Lorsque le père Ducrasse affrontera, au mousquet, des monstres géants ; lorsque deux prostituées d'Europe de l'Est, Esmeralda No-nose-job et Nympho des Bois, donneront la réplique à deux acteurs aussi exceptionnels qu'Audrey Lamy de la Télévision française, connue pour son rôle subversif dans Scènes de ménages, et Jonathan Demurger de la Télévision française, connu pour son rôle subversif dans Seconde Chance ; lorsque Léa Seydoux, real-life princesse arrogante, jouera l'héroïne d'un conte ; à ce moment-là, vous comprendrez que le très inspiré Christophe Gans défie Cocteau et Disney à l'image de synthèse. Et ce combat déloyal, quelques trente-trois millions d'euros contre quelques idées, le réalisateur du Pacte des loups l'a cherché puis perdu de la manière la plus pitoyable qui soit. Quel honneur trouver dans un tel gaspillage, quand le cinéma français en est réduit à proposer, la même semaine, Supercondriaque et Week-ends ?
Beau et bête, ou plutôt beau et abruti, ou plutôt beau et affligeant : ce film, dont les prouesses techniques et les somptueux costumes -une vie pour une robe- ont capté l'entier budget, impressionne par tant de mauvais choix. Celui, surtout, d'une bande de guignols à la diction et à la crédibilité d'un monstre, le résultat d'un croisement entre un Orlando Bloom bègue et un personnage secondaire de drama taïwanais. Il en ressort que seuls Vincent Cassel et Léa Seydoux, qui pourtant font de la figuration et ne convainquent pas, méritent la qualité d'acteurs ; seul ce couple, à croire formé pour les besoins d'une émission de téléréalité tant il n'est entre eux d'alchimie, surmonte la terrible épreuve du scénario écrit par un type bourré résumable ainsi :
Belle (jour 3) : "Vous n'êtes qu'une bête, jamais je ne vous aimerai ! Hu bidet, conduis-moi chez mon papounet !"

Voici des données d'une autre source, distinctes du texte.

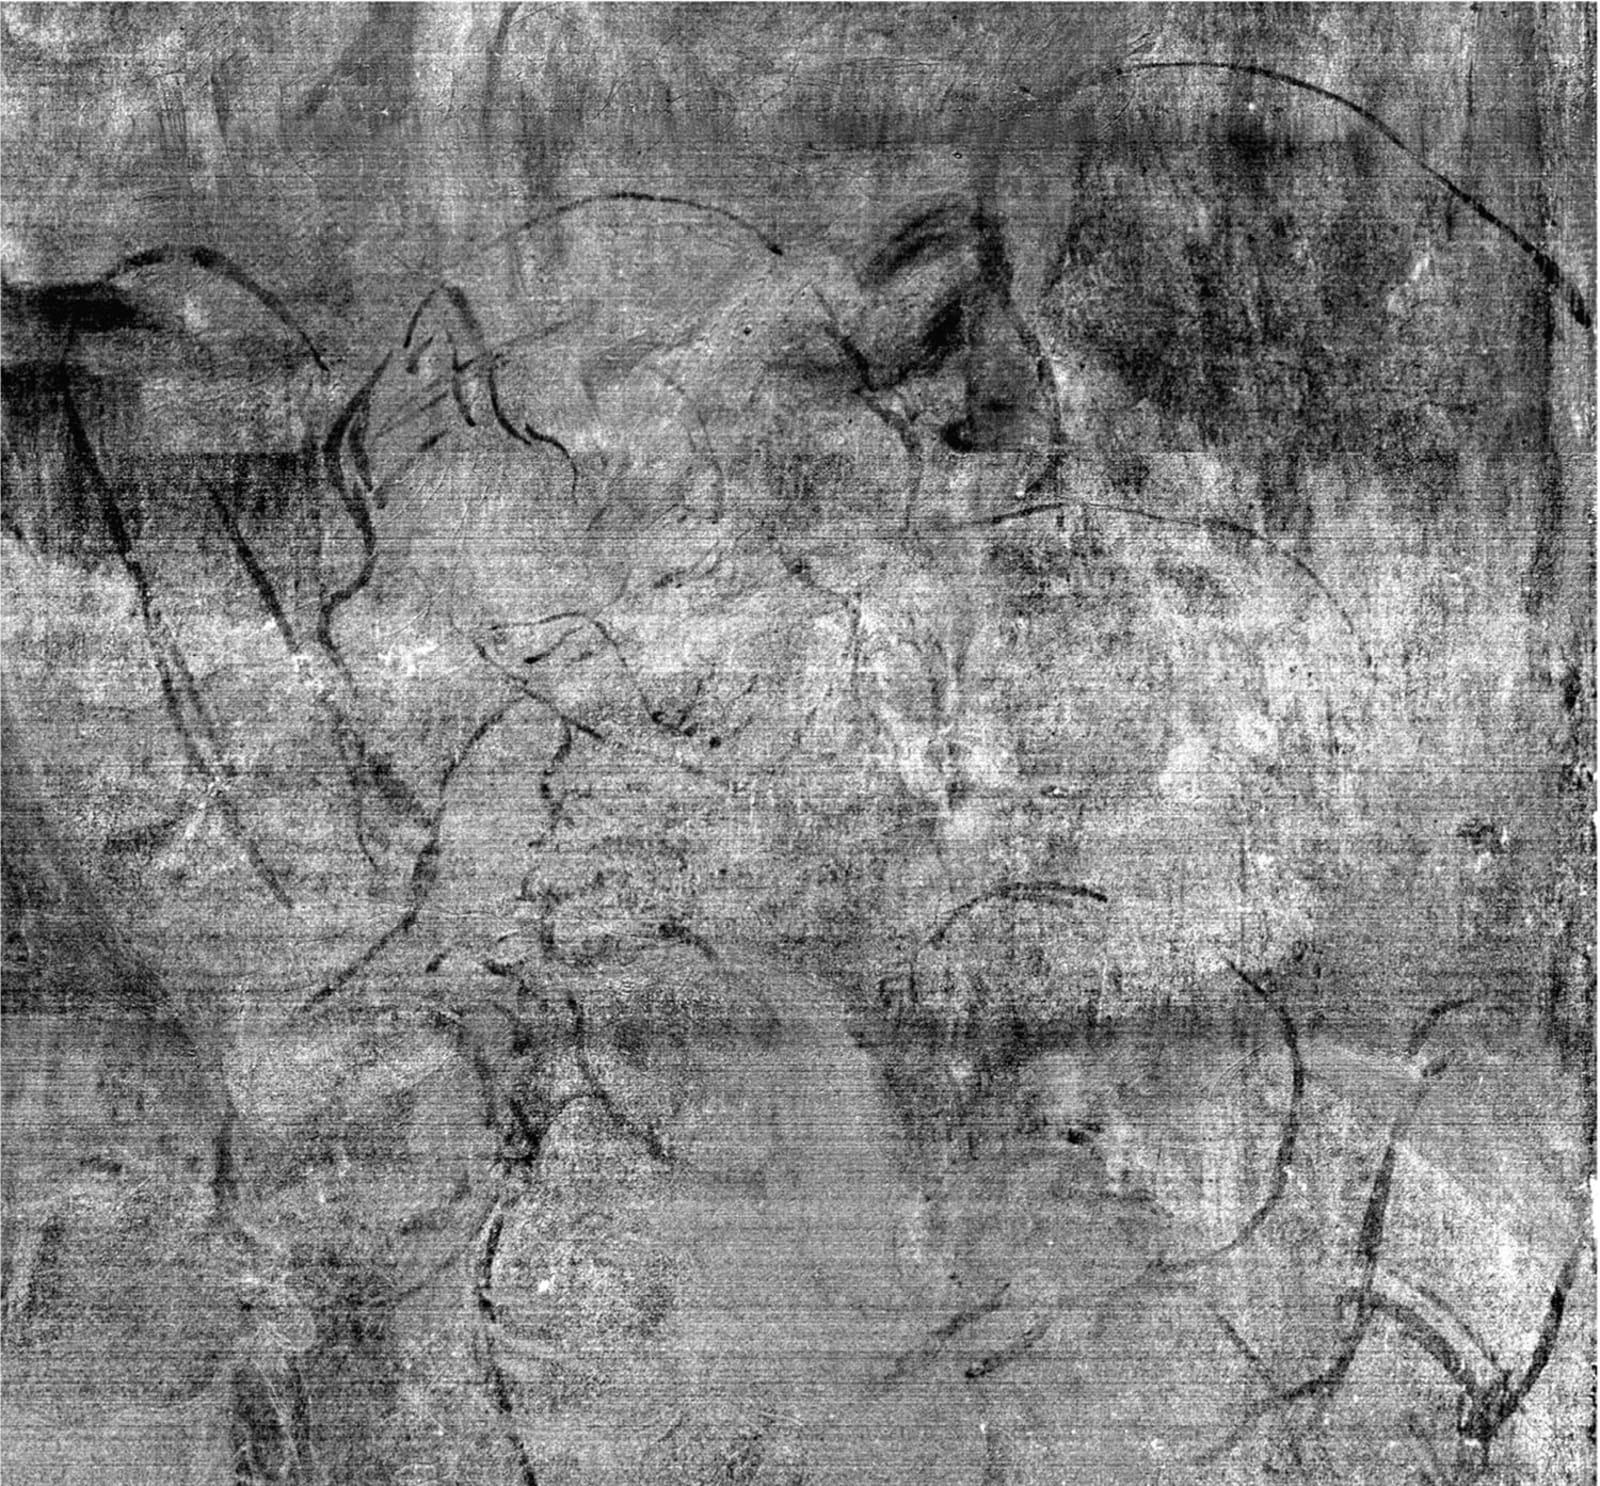 da Vinci The Virgin of the Rocks underpainting

Papounet (quelque part entre le début et la fin, les yeux rivés sur le décolleté de sa fille préférée, une carotte dans la main) : "Vous serez bientôt une femme..."
Belle (jour 4) : "Hu bidet, conduis-moi chez la Bête ! C'est mon seul souhait, je l'ai toujours aimée !"
Chaque parole, chaque expression, chaque geste vide l'œuvre littéraire de sa substance, pille son imaginaire et annihile sa portée ; à ce point, d'ailleurs, que de risible, le film de Gans passe à nuisible. Un gag cher payé, écœurant de dilettantisme et dans lequel les fabuleux objets animés du Disney disparaissent au profit de bestioles inaptes à attendrir comme à meubler.